The mechanism of the improvement has not been fully clarified as yet, but the specific proportion of the aromatic oxycarboxylic acid may be assumed to block or control the moisture adsorption onto the metal compound.

The addition effect of the aromatic oxycarboxylic acid is however little unless the aromatic oxycarboxylic acid is identical in species to the aromatic hydroxycarboxylic acid constituting the metal compound. This may be attributable to the stability of the metal compound associated with the acid strength and symmetry of the aromatic oxycarboxylic acid.

Herein, the term "aromatic oxycarboxylic acid" is used to refer to a substituted or unsubstituted aromatic hydroxycarboxylic acid and a substituted or unsubstituted aromatic alkoxycarboxylic acid (preferably having 1-6 carbon atoms in the alkoxy group). Such an aromatic oxycarboxylic acid can provide a higher chargeability to the resultant charge-controlling agent presumably because of an effect of a substituent bonded to an aromatic ring through the oxygen atom for lowering the negative charge density on the oxygen atom in the carboxyl group.

The aromatic oxycarboxylic acid may be substituted with one or more groups. Preferred examples of such substituted aromatic oxycarboxylic acid may include monoalkyl- or dialkyl-aromatic oxycarboxylic acids having preferably 1-12 carbon atoms in each alkyl group because of a high chargeability even in a high-humidity environment. This may be attributable to a small negative charge density of carboxyl group oxygen due to a resonance structure of the monoalkyl- or dialkyl-aromatic oxycarboxylic acid, a three-dimensionally large structure of the co-present monoalkyl- or dialkyl-substituted aromatic oxycarboxylic acid functioning to block water molecules.

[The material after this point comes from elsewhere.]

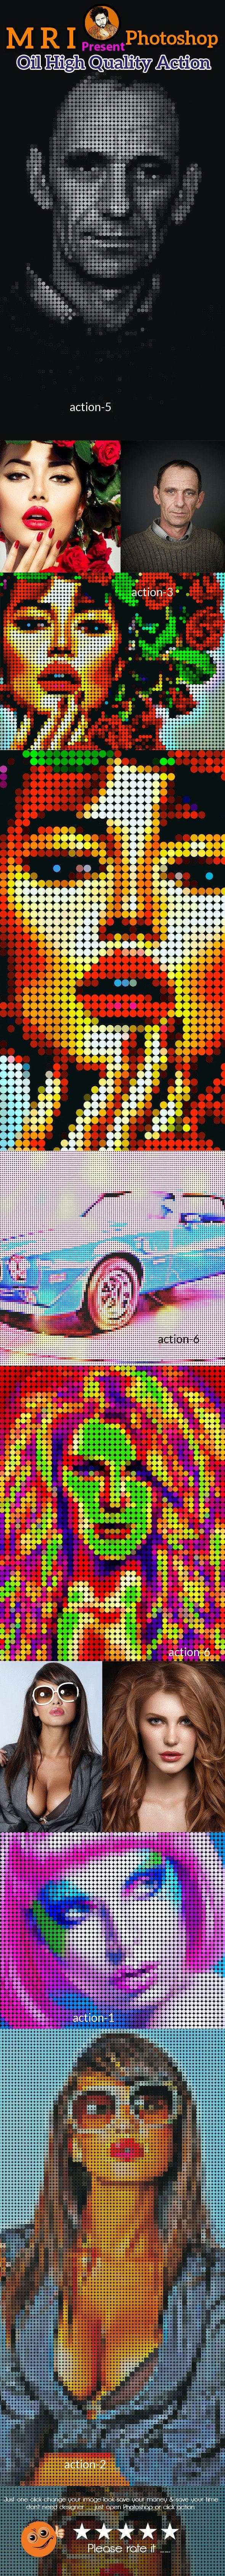 Pixel Art Revelation Action - Actions Photoshop

Preferred examples of the aromatic hydroxycarboxylic acid may include salicylic acid, and hydroxynaphthoic acid each preferably having one or two alkyl groups. Preferred species of the aromatic hydroxycarboxylic acid may include salicylic acid, alkylsalicylic acid, dialkylsalicylic acid, hydroxynaphthoic acid and alkylhydroxynaphthoic acid. 3,5-Di-tert-butylsalicylic acid and 5-tert-octylsalicylic acid are particularly preferred as the aromatic hydroxycarboxylic acid. Preferred examples of the aromatic alkoxycarboxylic acid may be obtained by substituting an alkoxy group for the hydroxy group in the above compounds.

The valence and ionic radius of metal in the metal compound is correlated with the strength of bond with the aromatic oxycarbolxylic acid, and a higher metal valence and a smaller ionic radius lead to a stronger bond with the aromatic oxycarboxylic acid, thus providing a metal compound of which the bond is less liable to be broken during production or long use of the toner and which is more stably fixed in the toner particles.

According to our study, the metal constituting the metal compound may preferably have a valence of two or more and an ionic radius of at most 0.8 .ANG. (with reference to values listed in Table 15.23 at page 718 of "Kagaku Binran (Chemical Handbook) Revised Third Edition" edited by the Chemical Society of Japan). Preferred examples of the metal include aluminum, chromium and zinc, among which aluminum is particularly preferred.

The charge-controlling agent may preferably contain the aromatic oxycarboxylic acid and the aromatic oxycarboxylic acid metal compound in amounts of A (wt. %) and B (wt. %) satisfying:

1/99.ltoreq.A/B.ltoreq.20/80, more preferably 1/99.ltoreq.A/B.ltoreq.15/85, further preferably 1/99.ltoreq.A/B.ltoreq.10/90.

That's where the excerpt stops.